Random links

As Good as Dead
"Is there really such a thing as brain death?"
Yotam Ottolenghi Goes Inside the Gaza Kitchen, Part One
"The whole business of women cooking home food at home and men cooking the official street food in restaurants or other sorts of eateries really struck a chord. I think this is something that actually happens across the Middle East--men cooking in restaurants and women cooking at home. When I did a program about Jerusalem for the BBC a couple years ago, I went to visit a Palestinian home. The cousin of the family was working in a hotel, and the women of the house showed me a few Palestinian dishes, but they said, "Let's do it quickly before our cousin arrives, because then it's going to be all sorts of fancy food." They wanted to get everything out of the way because they knew he can't cook their food and they can't cook his food, and it's almost like there's actually no dialogue."
Bacon Mistakes To Avoid: How To Cook Bacon
Ways to make bacon better ...
The NIMH Withdraws Support for DSM-5
DSM-5 is the latest version of the American Psychological Association's manual of mental disorders. What did the director of the US National Institute of Mental Health have to say? "Unlike our definitions of ischemic heart disease, lymphoma, or AIDS, the DSM diagnoses are based on a consensus about clusters of clinical symptoms, not any objective laboratory measure." What else does the article describe it? "That consensus is now clearly missing. Whether it ever really existed remains in doubt. As one consultant for DSM-III conceded to the New Yorker magazine about the amount of horsetrading that drove that supposedly "evidenced-based" edition from 1980: 'There was very little systematic research, and much of the research that existed was really a hodgepodge—scattered, inconsistent, ambiguous.'"

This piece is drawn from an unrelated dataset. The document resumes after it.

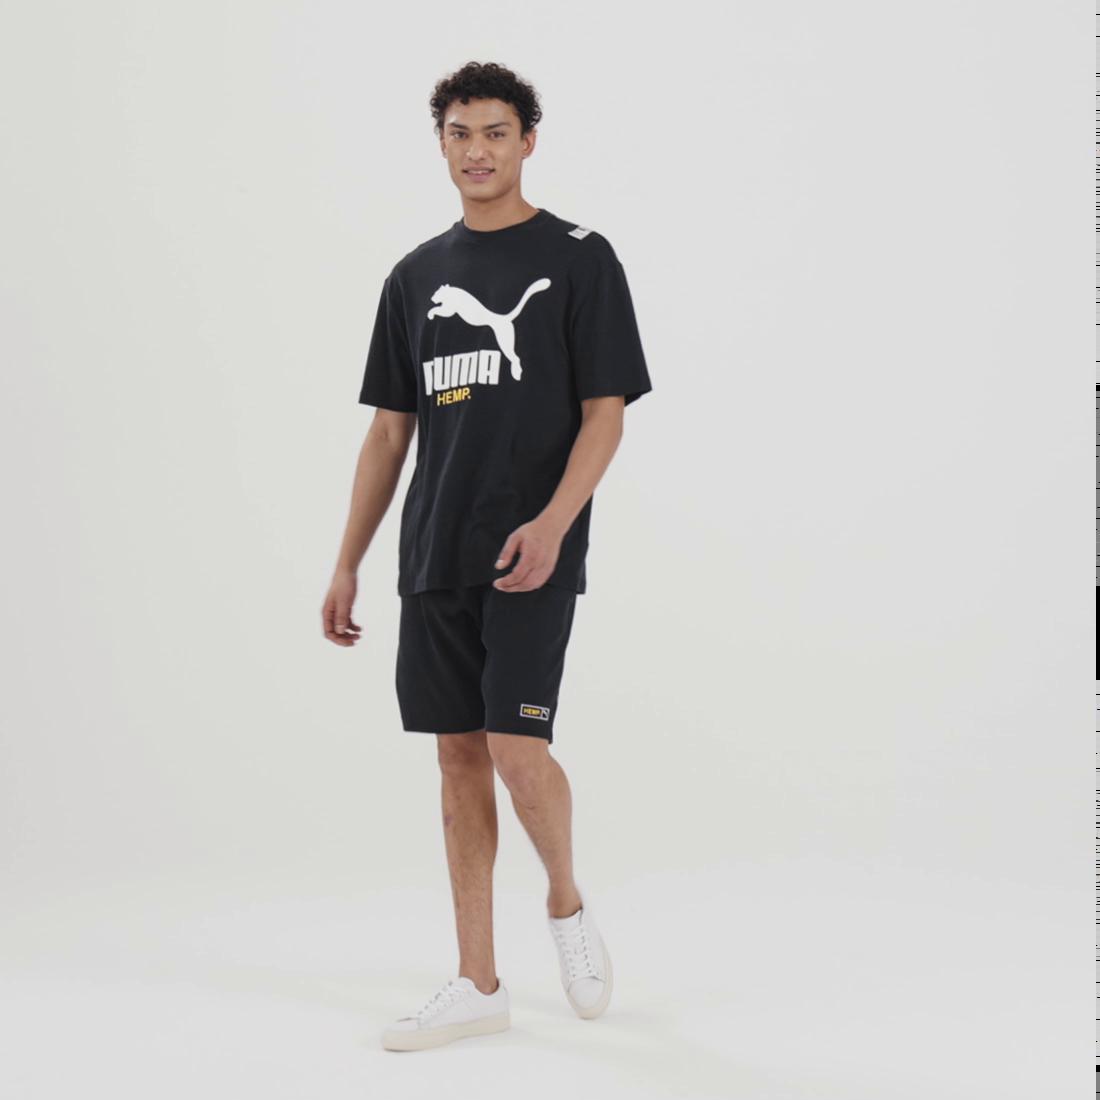 Image PUMA Camiseta Hemp Masculina #6

Christianity Today on Silicon Valley

From Here's to the Misfits:

You discover two things pretty quickly when scouting stories in this part of the world. First, how many Christians there are. This is not the Bible Belt by a long stretch—pastors, church planters, and ordinary Christians describe the kind of cosmopolitan secularity that's familiar to residents of London or New York. But in the past decade the San Francisco Bay Area has seen a resurgence of vital churches, such as Reality SF, the church Sonny and his wife, Christy, attend with 1,200 others. Ask about Christians at the top of major Bay Area companies, and you get a far longer list than you would in, say, New York City.
The second thing you discover is how few of these Christians want to be identified by name in a story for Christianity Today, all the more so the younger and the more recently successful they are. In no other place we've reported for This Is Our City, even the far more secular city of Portland, Oregon, did we encounter such diffidence about being publicly identified as a Christian.

Random links

FBI surrounds house of Saudi student following sightings of him with pressure cooker pot, only to find he was cooking rice
In related news another Saudi guy was arrested at an airport with a pressure cooker - seems like he may have lied about a few things, but this one also didn't seem to be rigged as a bomb.
Canada to lift moratorium on parent, grandparent immigration
It'd be difficult to justify not doing this. Unfortunately, it's also a reason why immigration doesn't really seem to be a solution to the population aging problem.
Young Adults With Autism Can Thrive In High-Tech Jobs
To quote neurologist Patricia Evans: "They may really flourish at engineering-type tasks or computer design, where their interaction with people is somewhat limited." Here by autism they seem to mean Aspergers Syndrome. This seems a somewhat more reasonable characterization of much engineering-type work than insisting that such employment involves as much face-to-face communications as any other job - i.e. what I typically see from organizations trying to get more women interested in the field (where I'd argue emphasizing flex-time would probably be a much better approach).
People with disabilities are more likely to get divorced
This might not be what you want to hear, but does indeed seem to be true. (I alternately find this blog interesting, providing evidence that I haven't found elsewhere, and at other times extremely annoying and more than a little biased).

How should you define "retirement"?

Here's how retirement is defined by one guy who was able to do so at age 30 (emphasis mine):

According to me, retirement means you no longer have to work for money. You then proceed to do whatever you like, without regard for whether or not it earns you money.

I try to promote the idea that rewarding, meaningful work is an important part of retirement for many of us. If you don’t allow work as part of “retirement,” many people say, “I’m never going to retire, because I like working.” And they use that as an excuse to always spend everything they earn, which leaves them job-dependent and addicted to high consumption for life.

Seems like a secular version of John Piper's views on retirement.